The naug is not an endangered species. It is
Economics, we're told, is a science.
As such, it can reasonably be expected to invoke canons of evidence and proposition -- rather than opinion. Yet, there are those who say that if you take ten economists and lay them end-to-end, they'd all point in different directions. Detractors scoff at the lack of precision in economics, calling it the "one-digit science."
Whether these criticisms are fair or not, when it comes to dealing with non-replenishable natural resources, economic theory encounters some withering limitations.
Economics has to do with the production, distribution, and consumption of things. Studying its theories and projections gives one a sense of, well, flowing -- the flowing of raw materials, goods, services, capital, wealth. There are cycles -- plenty of backing and filling, like waves on the beach. And you find economic tides, too.
Measurements tend to be represented as incremental and decremental changes. Productivity went up by such-and-such; housing-starts by so-and-so; cost-of-living by umpty-ump. Sometimes the base figures quietly lose their meaning, except for the purpose of comparing corresponding figures for different times and places, different industries and political regimes. Does anybody really know what to do with an absolute value of "gross national product per capita" other than to subtract it from, or divide it by, another one?
Energy is a unique commodity.
Energy is essential for everything else -- for the mining, growing, harvesting, processing -- and even the recycling of any other commodity. You need a ton of coal to make a ton of steel -- whether from scrap or from ore. Energy itself cannot be recycled.
Energy is on a one-way street -- toward outer space.
In all its forms, energy originated in the sun a long time ago, or in the formation of the earth, even a longer time ago. Living things, including people, harness and then release energy from various sources.
The most desirable energy is that highly-concentrated, geological stuff we call fossils -- the very best being petroleum. Once mined and combusted, fossils are gone forever, their last remnants of heat simply radiated away "toward unimagined voids beyond the sky."

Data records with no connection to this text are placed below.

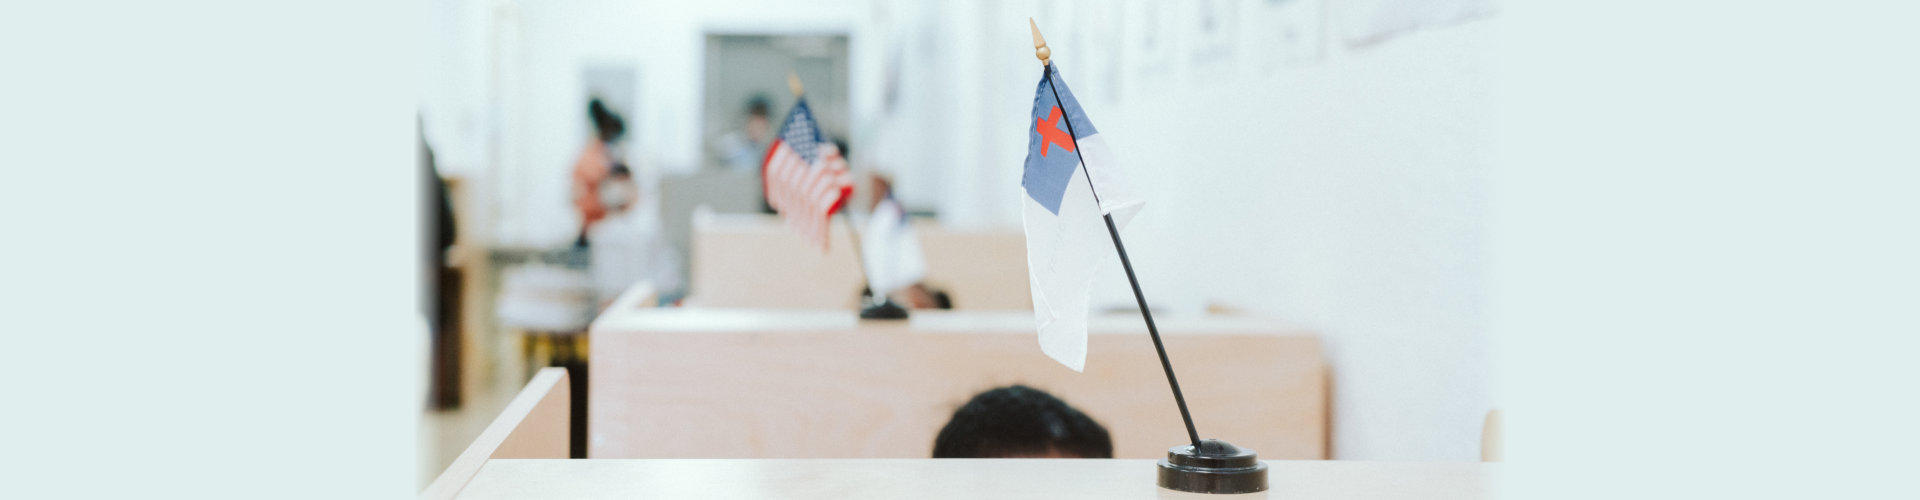 mini flags on the table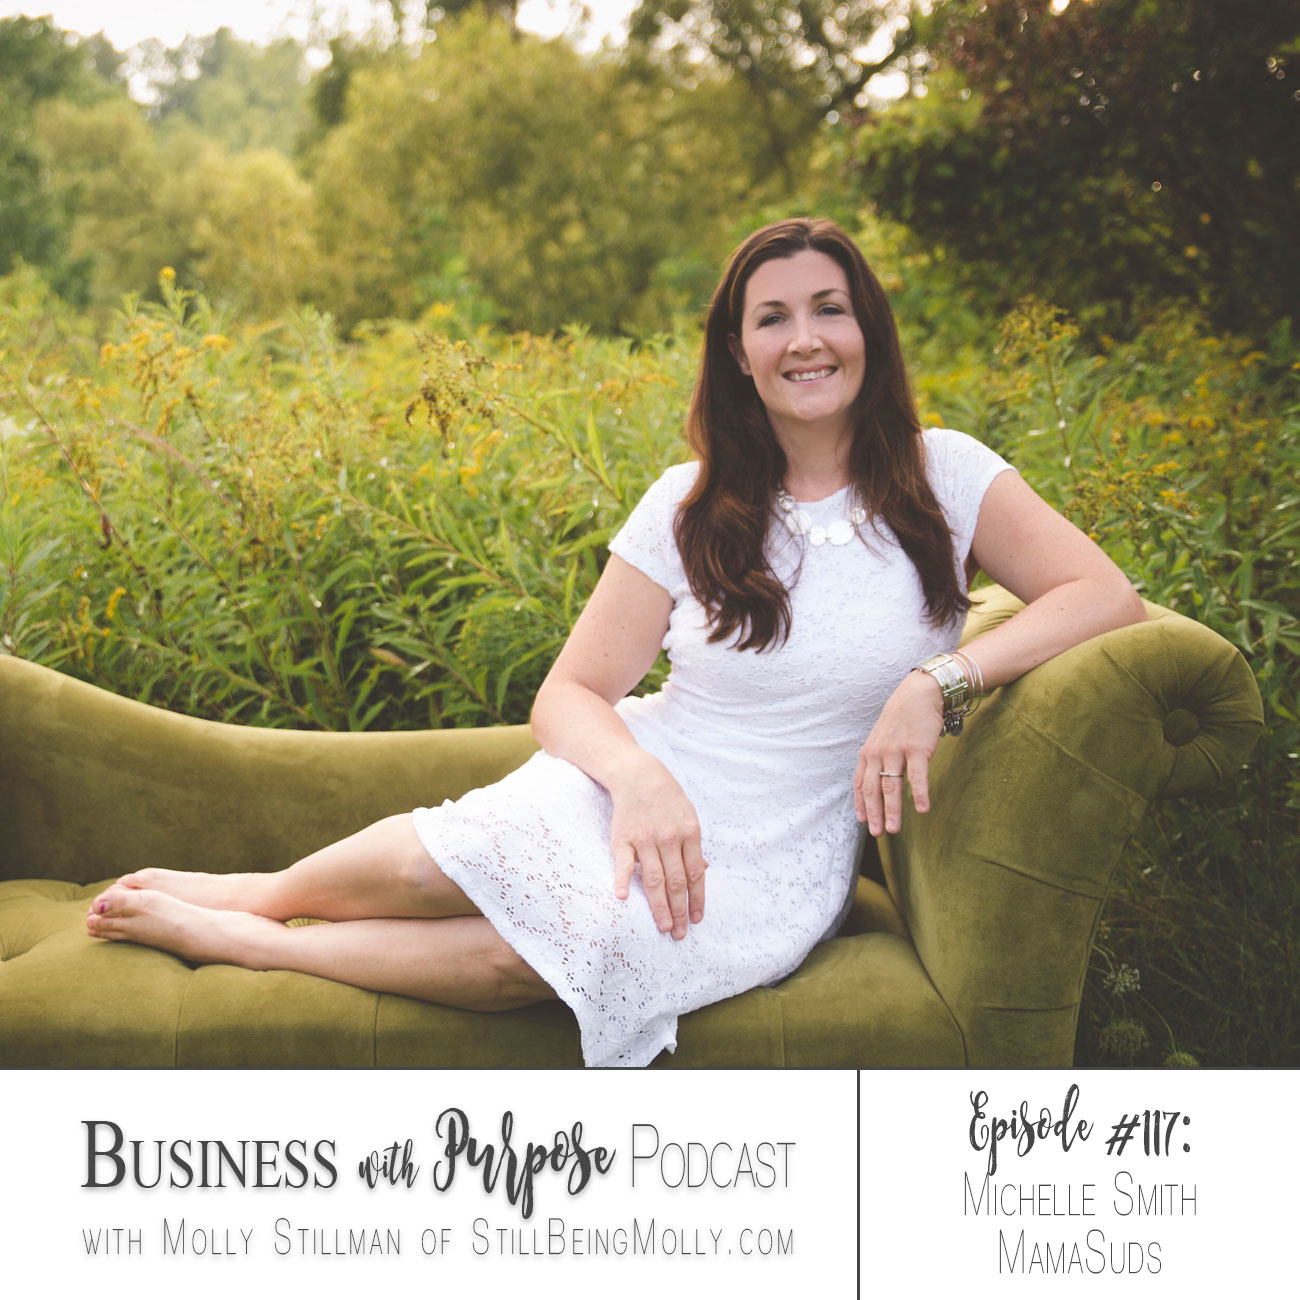 Business with Purpose Podcast EP 117: Michelle Smith, Founder of MamaSuds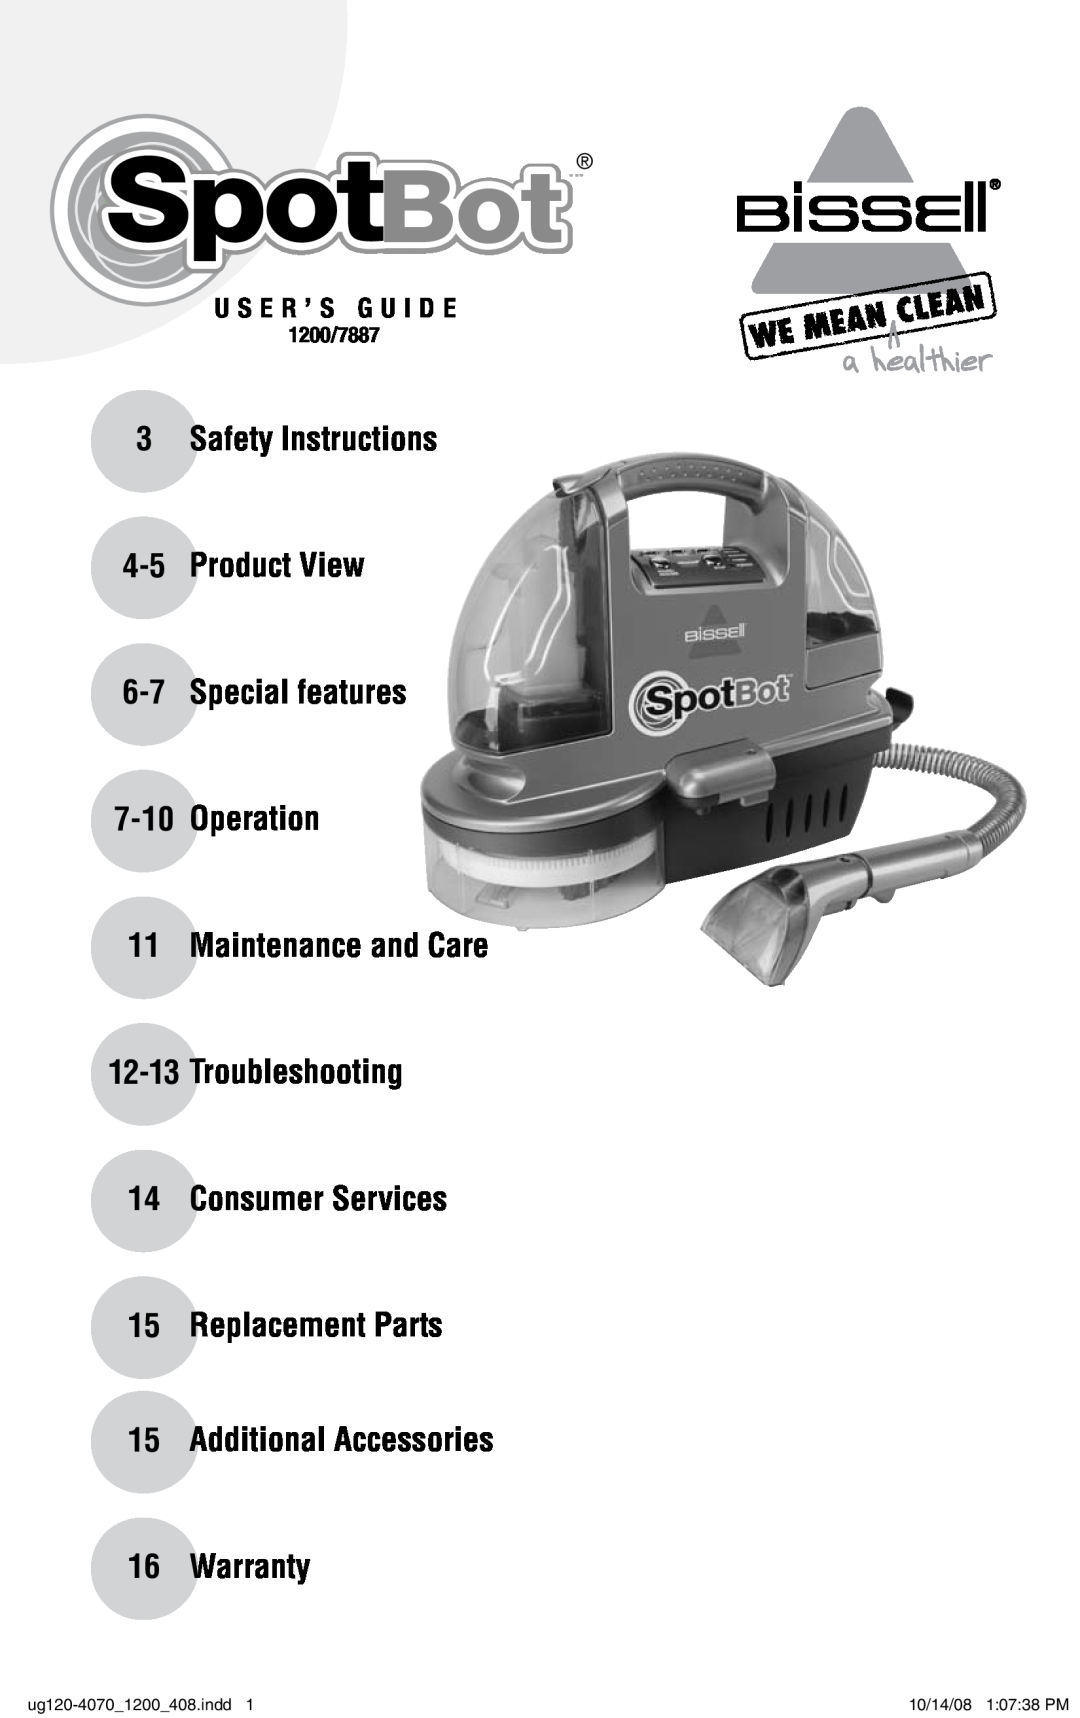 Bissell 1200, 7887 warranty Safety Instructions 4-5 Product View 6-7 Special features, Warranty, U S E R ’ S G U I D E

While fossil-derived energy flows through our various economic systems, it gets treated by conventional economic theory like any other gradually changing variable. Instead, on the scale of history, fossil energy is an utterly transient thing.
So, how can economics assign an absolute geological value to an irreplaceable, essential commodity -- that's running out?
"Did you ever feel a stone in your shoe?"
"Did you ever walk around for awhile with a stone in your shoe and get kind-a used to it?"
"Did you ever walk around for awhile with a stone in your shoe, get use to it, and take it out?"
"Did you ever walk around for awhile with a stone in your shoe, get used to it, take it out, and then miss it for the rest of the day?"
"Where are we going with this?"
"Funny, isn't it, how we adapt to life's irritations: a snoring mate, a sticking drawer, a rattling kickstand, a smelly car?"
"Did you ever walk around for awhile with a stone in your shoe, get used to it, take it out, miss it, and later feel a stone -- in your other shoe?"
Economic theory models the world as a network of entities transacting with one another. In each transaction, you have goods or services flowing in one direction and money flowing in the opposite direction. One kind of goods is energy.
Actually, all kinds of goods are energies, directly or indirectly. The same is true for all kinds of services.
Raw materials, from aluminum to zinc, cannot be mined or refined; work-in-process cannot be shaped, assembled, or packaged; finished products cannot be distributed -- without the expenditure of energy. Farms and feedlots, dairies and hatcheries all need energy to operate. So do hospitals, schools, banks, cafeterias, or wherever people expend human effort for other people. Even supplying energy needs a supply of energy.
So energy might be considered the "universal transactant," a ubiquitous counter-currency embodied within all other things, swimming against the world's monetary streams.